● **Task details**:
Filter the entries for lines with the word "their".

● **Dataset entries**:
· · · · ·

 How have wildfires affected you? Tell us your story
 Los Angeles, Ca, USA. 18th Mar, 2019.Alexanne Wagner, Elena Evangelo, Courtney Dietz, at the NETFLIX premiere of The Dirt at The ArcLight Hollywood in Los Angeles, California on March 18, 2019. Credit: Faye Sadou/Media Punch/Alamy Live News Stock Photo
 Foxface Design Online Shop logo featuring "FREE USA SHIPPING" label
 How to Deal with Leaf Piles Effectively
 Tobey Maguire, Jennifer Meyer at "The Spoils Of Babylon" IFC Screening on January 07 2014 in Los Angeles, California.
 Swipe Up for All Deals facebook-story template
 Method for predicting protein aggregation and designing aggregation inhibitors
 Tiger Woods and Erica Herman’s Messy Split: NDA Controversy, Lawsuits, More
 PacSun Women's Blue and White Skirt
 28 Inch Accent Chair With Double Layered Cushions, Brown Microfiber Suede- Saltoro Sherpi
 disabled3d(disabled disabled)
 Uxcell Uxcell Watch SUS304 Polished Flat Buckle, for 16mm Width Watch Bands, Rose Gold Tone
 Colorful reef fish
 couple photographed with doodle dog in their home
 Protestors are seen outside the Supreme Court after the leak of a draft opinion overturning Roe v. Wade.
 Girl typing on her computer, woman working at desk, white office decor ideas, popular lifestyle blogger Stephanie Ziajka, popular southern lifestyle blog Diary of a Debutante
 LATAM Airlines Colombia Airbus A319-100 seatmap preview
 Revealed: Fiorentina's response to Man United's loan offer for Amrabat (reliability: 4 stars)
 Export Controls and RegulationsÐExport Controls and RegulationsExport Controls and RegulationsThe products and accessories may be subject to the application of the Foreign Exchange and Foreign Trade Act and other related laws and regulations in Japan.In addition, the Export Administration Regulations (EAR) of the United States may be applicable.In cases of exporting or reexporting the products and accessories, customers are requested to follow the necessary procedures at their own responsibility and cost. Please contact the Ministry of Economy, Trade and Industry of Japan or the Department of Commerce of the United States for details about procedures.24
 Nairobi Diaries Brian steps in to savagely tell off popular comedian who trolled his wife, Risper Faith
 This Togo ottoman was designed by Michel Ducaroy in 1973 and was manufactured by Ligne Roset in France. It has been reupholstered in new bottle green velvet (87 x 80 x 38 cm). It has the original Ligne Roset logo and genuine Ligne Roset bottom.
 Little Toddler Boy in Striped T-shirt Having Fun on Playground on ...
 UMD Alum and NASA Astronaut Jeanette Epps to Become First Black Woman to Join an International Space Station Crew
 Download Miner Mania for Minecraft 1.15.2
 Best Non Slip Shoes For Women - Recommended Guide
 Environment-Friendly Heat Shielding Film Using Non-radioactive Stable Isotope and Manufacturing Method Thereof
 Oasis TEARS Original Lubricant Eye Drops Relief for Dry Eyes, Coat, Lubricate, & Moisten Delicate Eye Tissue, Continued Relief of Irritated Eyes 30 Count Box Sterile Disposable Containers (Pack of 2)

· · · · ·

● **Exercise solution**:
 couple photographed with doodle dog in their home
 Export Controls and RegulationsÐExport Controls and RegulationsExport Controls and RegulationsThe products and accessories may be subject to the application of the Foreign Exchange and Foreign Trade Act and other related laws and regulations in Japan.In addition, the Export Administration Regulations (EAR) of the United States may be applicable.In cases of exporting or reexporting the products and accessories, customers are requested to follow the necessary procedures at their own responsibility and cost. Please contact the Ministry of Economy, Trade and Industry of Japan or the Department of Commerce of the United States for details about procedures.24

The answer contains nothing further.